-- How to complete this task --
With the images removed, write out every line below exactly.

Collected data Start Marker

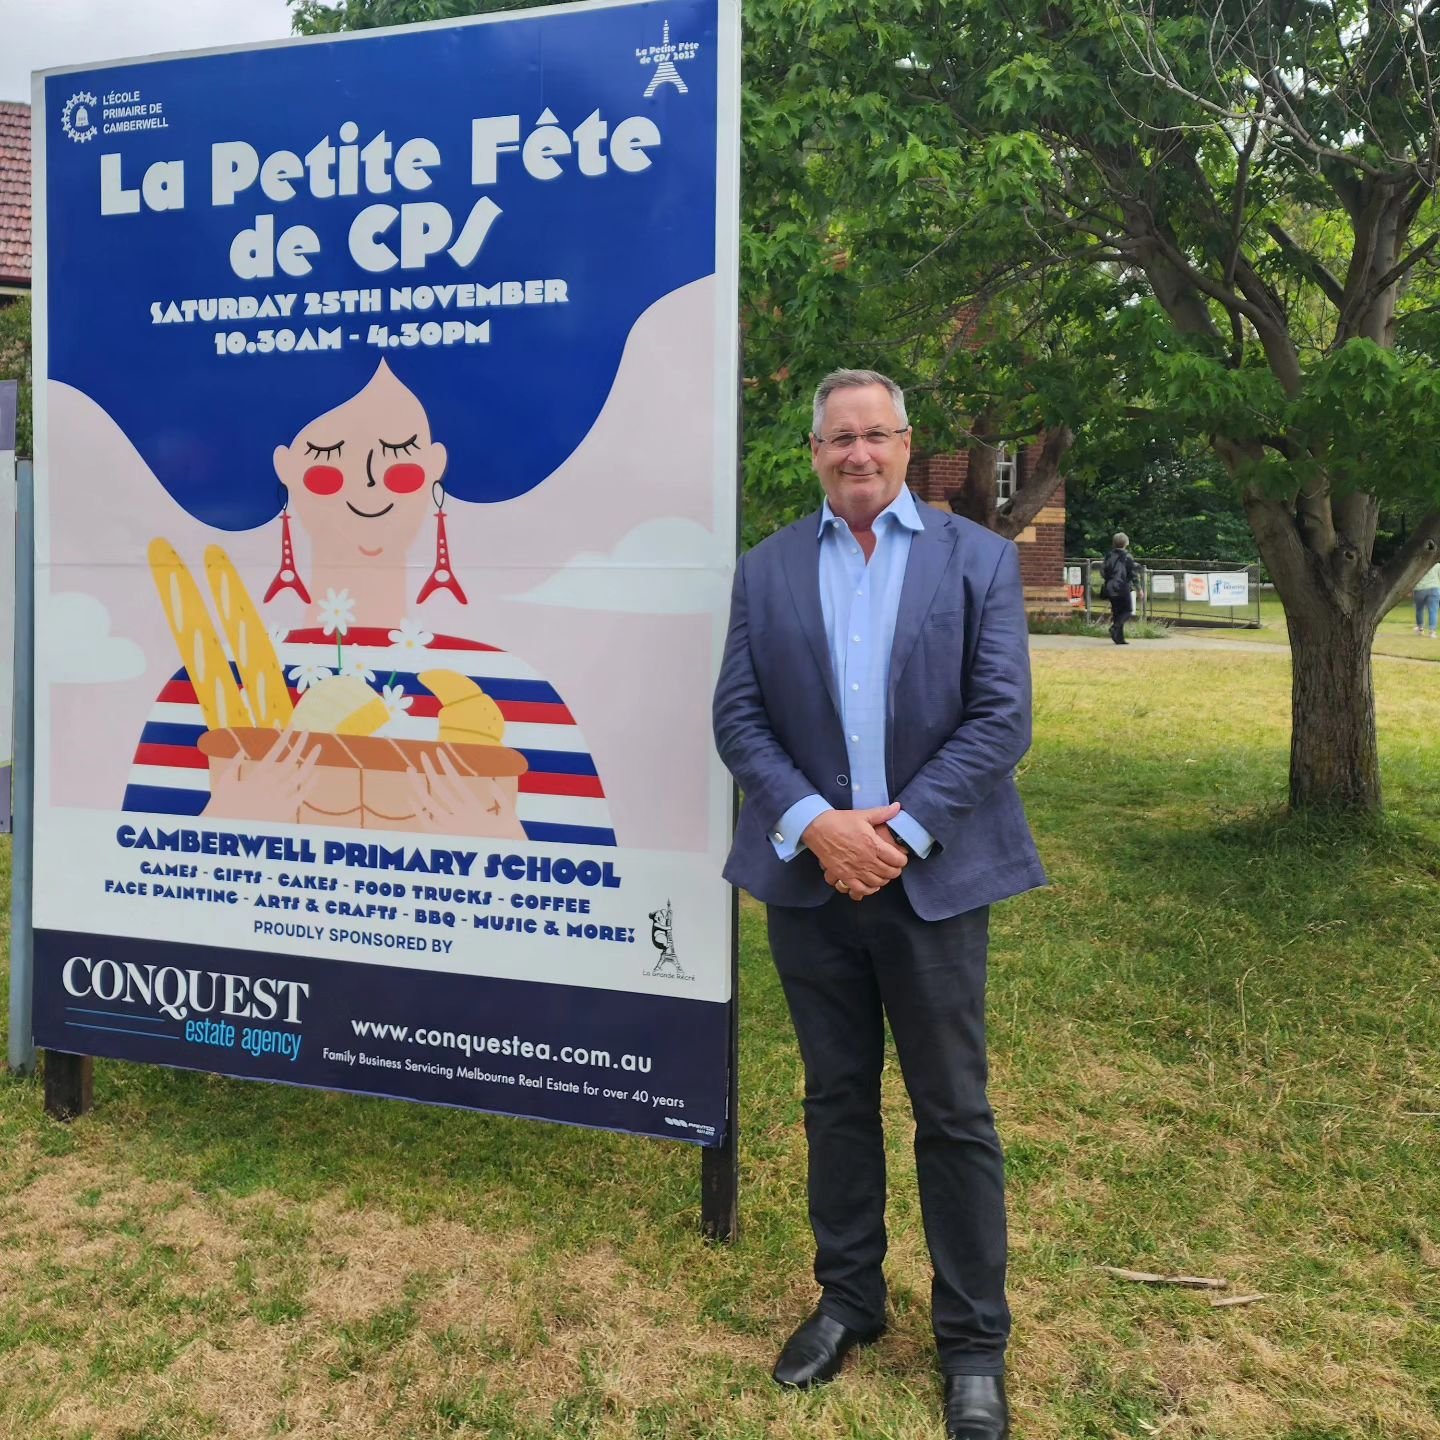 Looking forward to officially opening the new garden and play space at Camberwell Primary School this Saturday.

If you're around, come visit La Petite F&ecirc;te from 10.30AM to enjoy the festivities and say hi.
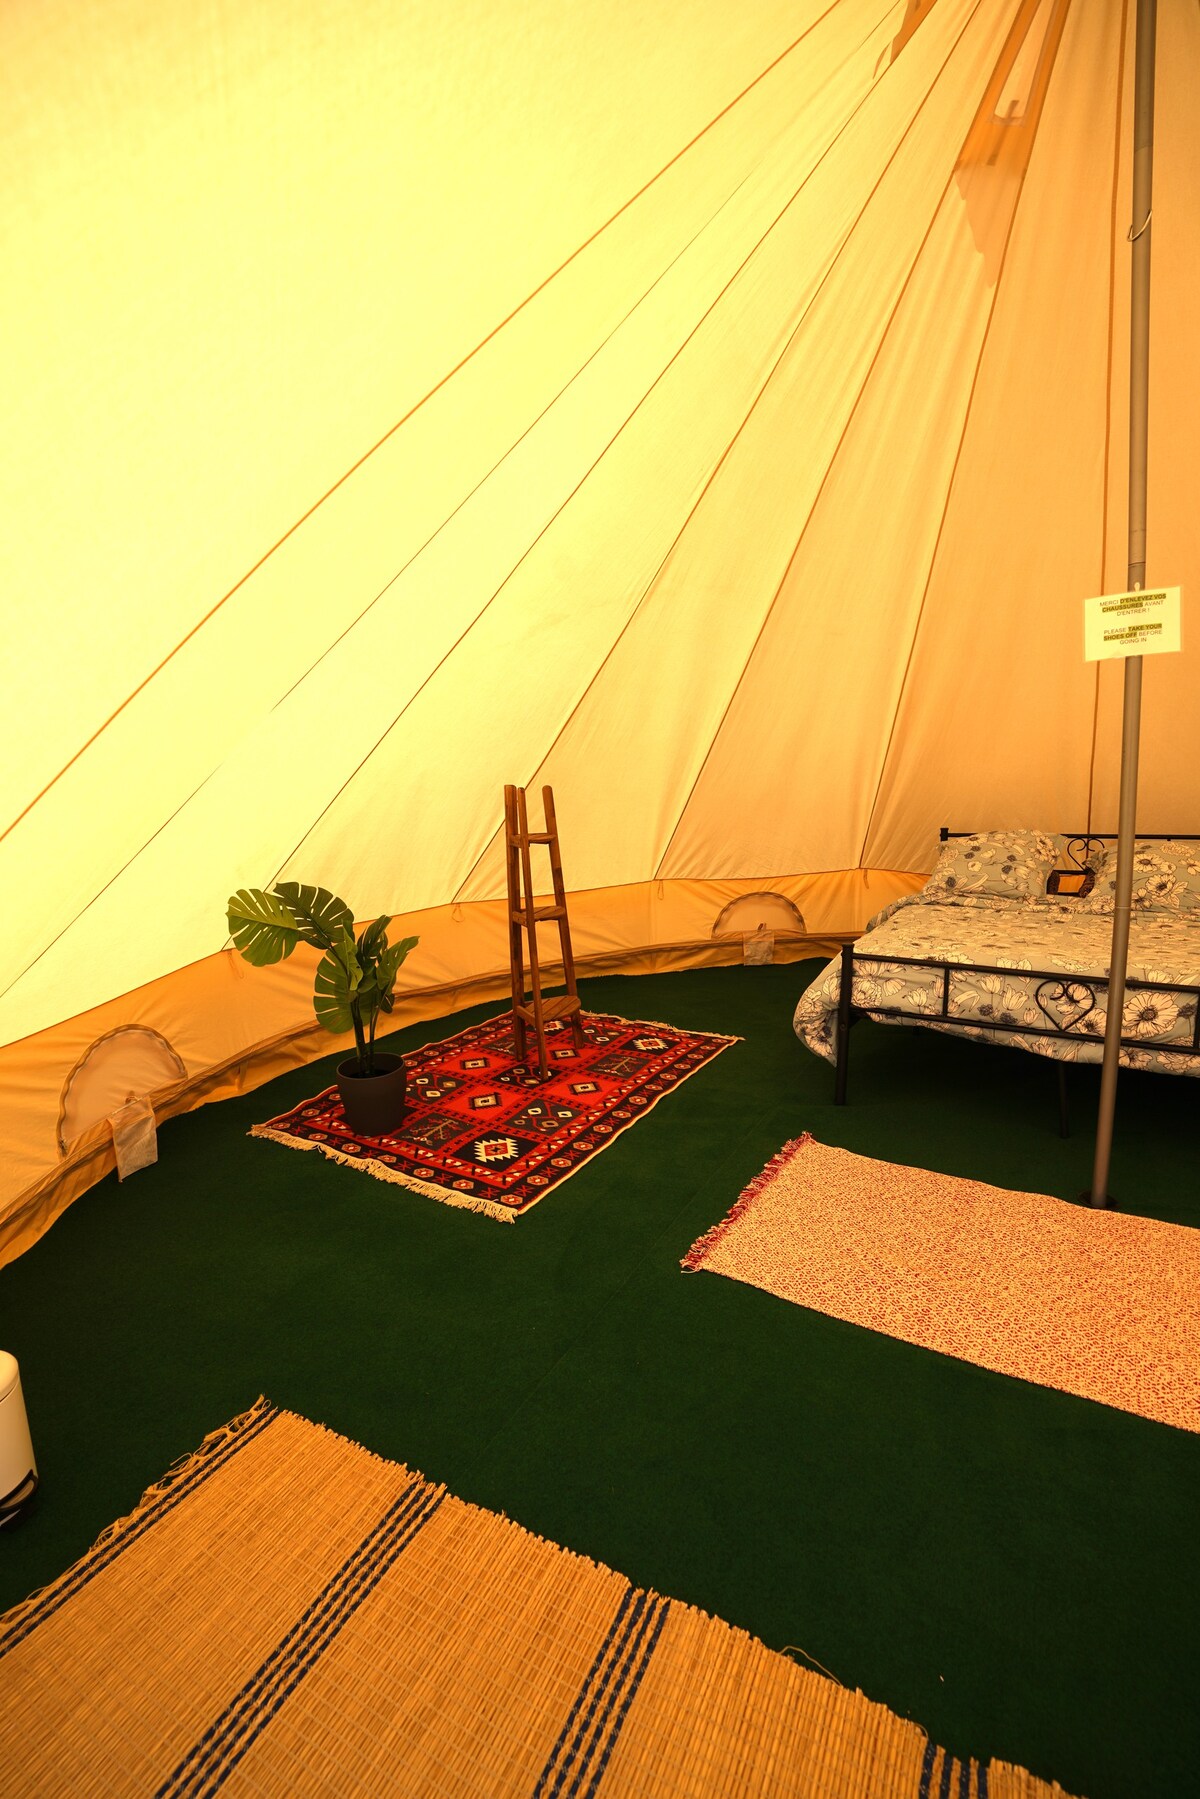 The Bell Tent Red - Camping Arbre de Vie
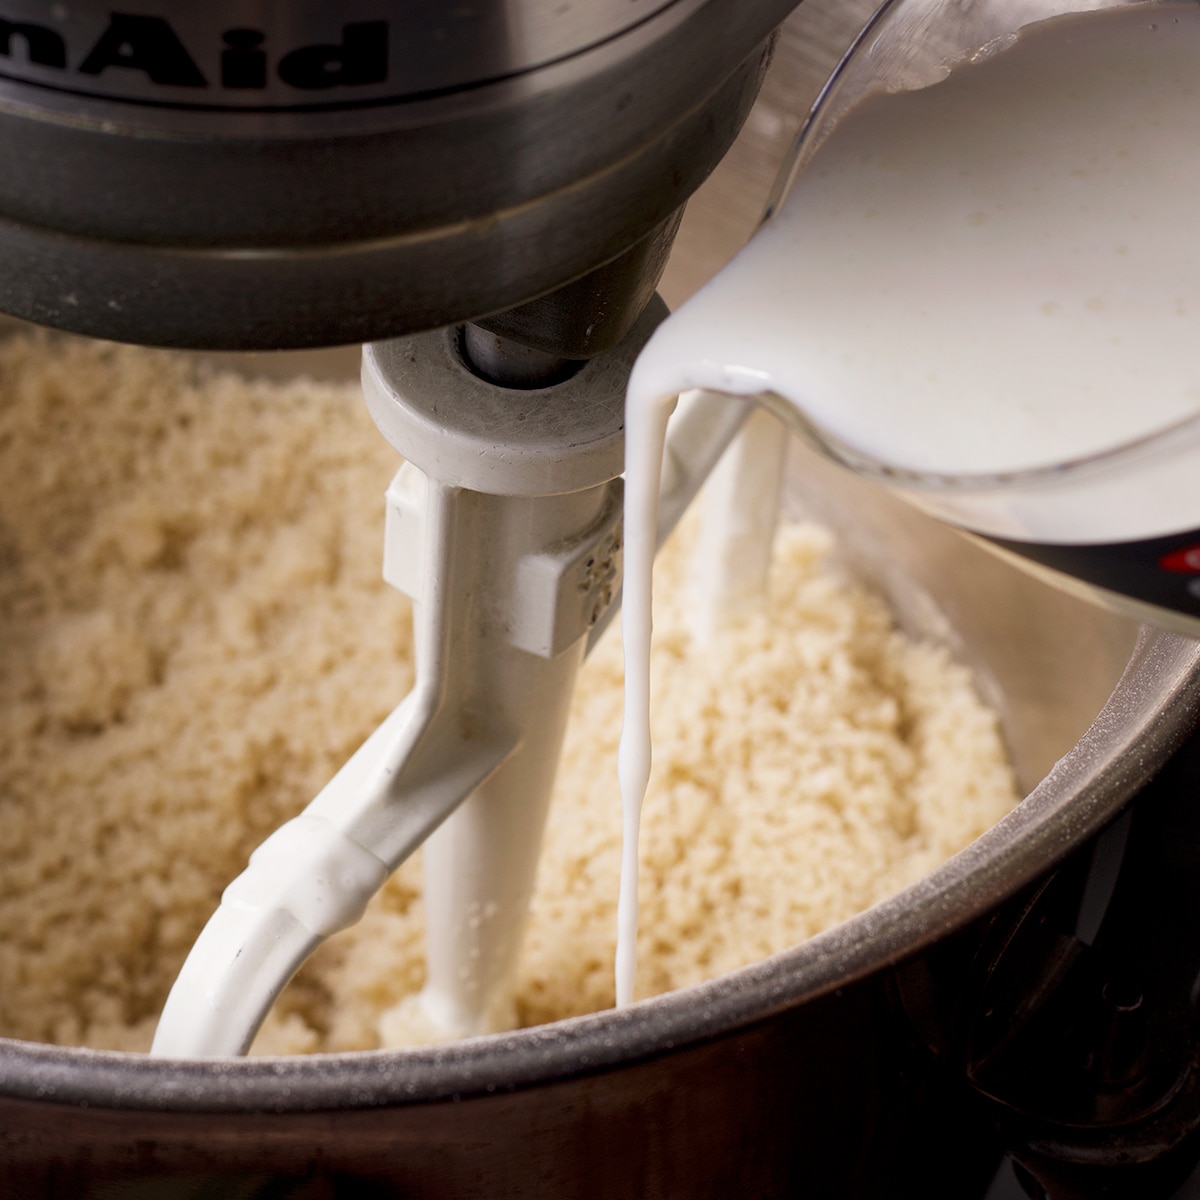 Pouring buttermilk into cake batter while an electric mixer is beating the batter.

Collected data End Marker

-- Written response --
 Looking forward to officially opening the new garden and play space at Camberwell Primary School this Saturday.

If you're around, come visit La Petite F&ecirc;te from 10.30AM to enjoy the festivities and say hi.
 The Bell Tent Red - Camping Arbre de Vie
 Pouring buttermilk into cake batter while an electric mixer is beating the batter.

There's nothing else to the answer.